11. A system for implementing a machine-learning (ML)-based function, the system comprising: a non-transitory memory device, wherein modules of instruction code are stored, and at least one processor associated with the memory device, and configured to execute the modules of instruction code, whereupon execution of said modules of instruction code, the at least one processor is configured to:

provide a NN model comprising a plurality of NN parameters;

train the NN model based on a training dataset over a plurality of training epochs, to implement a predefined ML function, wherein each training epoch comprises: adjusting a value of at least one NN parameter based on gradient descent calculation; calculating a profile vector, representing evolution of the at least one NN parameter through the plurality of training epochs; calculating an approximated value of the at least one NN parameter, based on the profile vector; and replacing the at least one NN parameter value with the approximated value, to obtain an approximated version of the NN model.

12. The system of claim 11, wherein the at least one processor is further configured to:

receive an input data sample; and

infer the approximated version of the NN model on the input data sample, to implement the ML function on the input data sample.

13. The system of claim 11, wherein said training comprises a preliminary stage, where the at least one processor is further configured to:

train the NN model based on a training dataset over a first bulk of training epochs;

group the plurality of NN parameters as members of a plurality of modes, based on their respective profile vectors; and

calculate the approximated values of member NN parameters based on said grouping.

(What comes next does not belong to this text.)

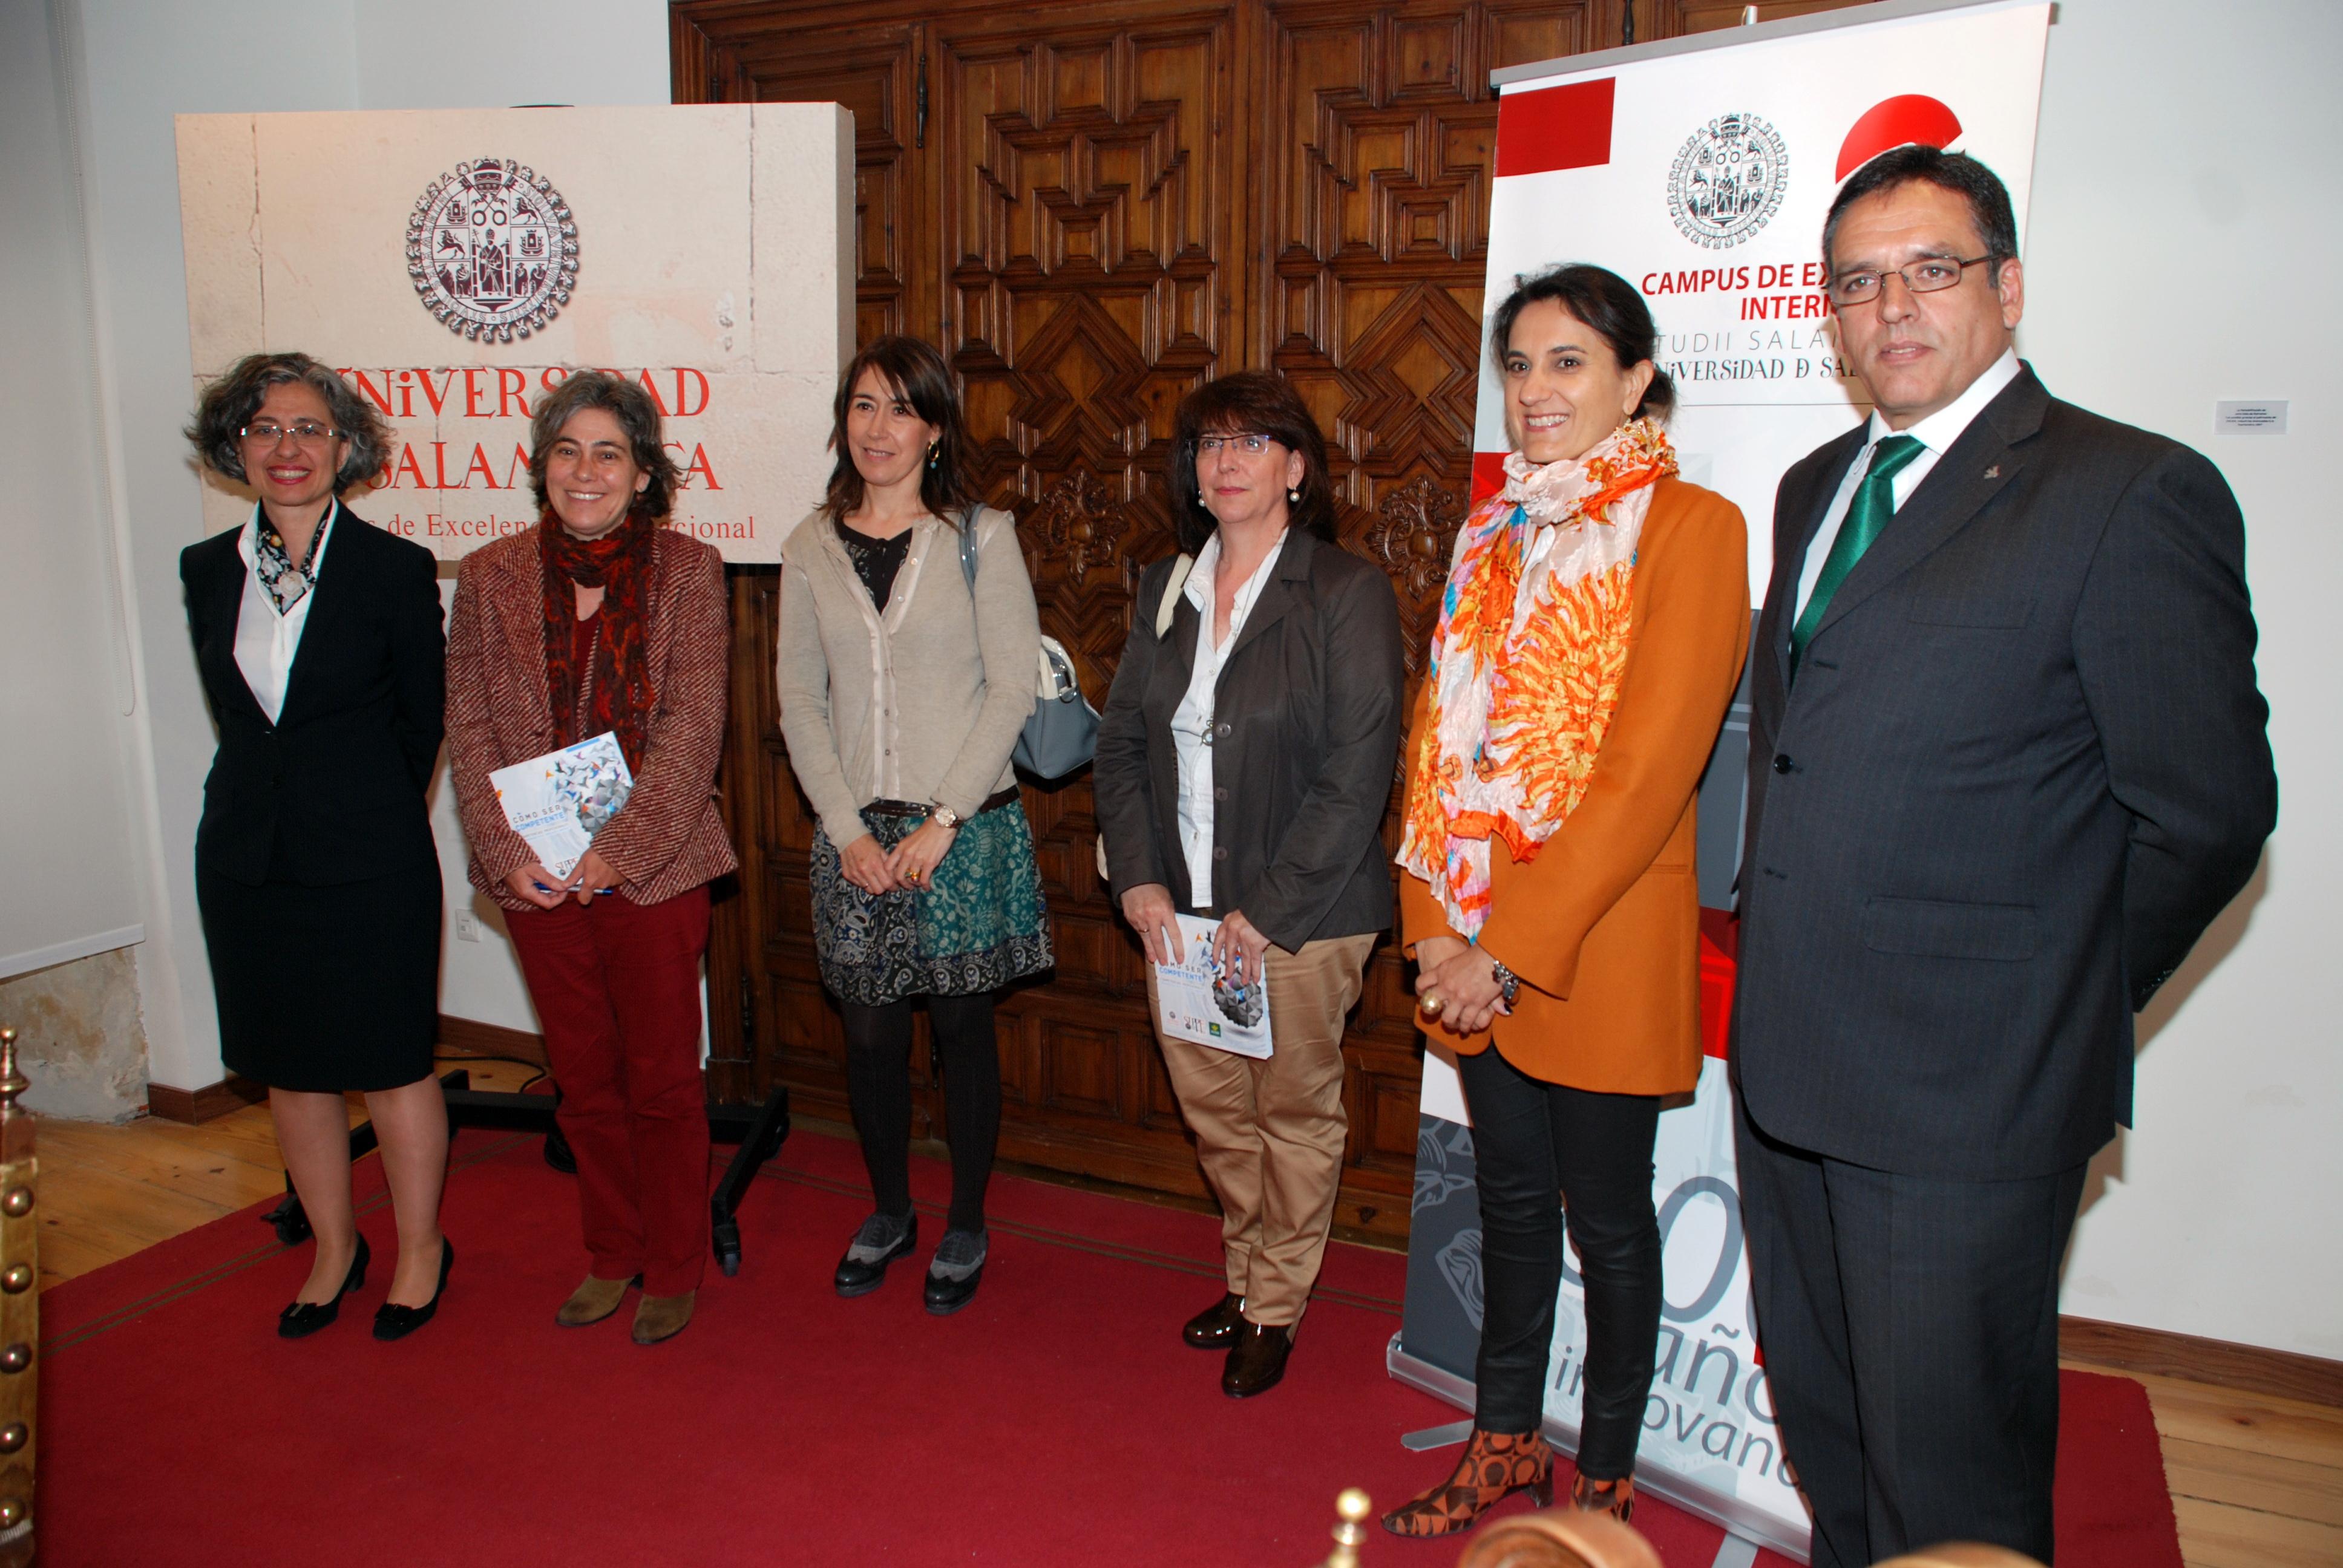 La vicerrectora de Estudiantes y la directora de Caja Rural de Salamanca presentan un catálogo de competencias profesionales para impulsar la inserción laboral de los jóvenes titulados

14. The system of claim 13, wherein the at least one processor is further configured to group the plurality of NN parameters by:

for one or more pairs of NN parameters, calculate a correlation value representing a correlation between (i) a profile vector of a first NN parameter of the pair and (ii) a profile vector of a second NN parameter of the pair; and

group the plurality of NN parameters as members of modes based on the calculated correlation values.

15. The system of claim 13, wherein the at least one processor is further configured, for at least one mode of the plurality of modes, to:

select a first NN parameter, member of the at least one mode, as a reference NN parameter;

calculate a value of one or more affine function coefficients, representing a transform between the reference NN parameter and at least one second NN parameter, associated with the at least one mode; and

calculate the approximated value of the at least one second NN parameter based on: (i) the reference NN parameter, and (ii) the one or more corresponding affine function coefficient values.

16. The system of claim 13, wherein the at least one processor is further configured, for at least one mode of the plurality of modes, to:

obtain a reference profile vector, characterizing evolution of NN parameters of the mode through the plurality of training epochs;

calculate a value of one or more affine function coefficients, associated with one or more specific NN parameter of the mode, wherein said affine function coefficients represent a transform between (i) the profile vectors of the one or more specific NN parameters, and (ii) the reference profile vector; and

calculate the approximated value of the one or more specific NN parameters based on: (i) the reference profile vector, and (ii) the one or more affine function coefficient values.

17. The system of claim 16, wherein training the NN model by the at least one processor further comprises, for at least one NN parameter of the plurality of NN parameters:

recalculating the associated affine function coefficient values between training epochs;

determining a status of stability of the affine function coefficient values, among consecutive training epochs, according to a predetermined stability metric; and

based on the stability status, refraining from calculating gradient descent of the at least one NN parameter.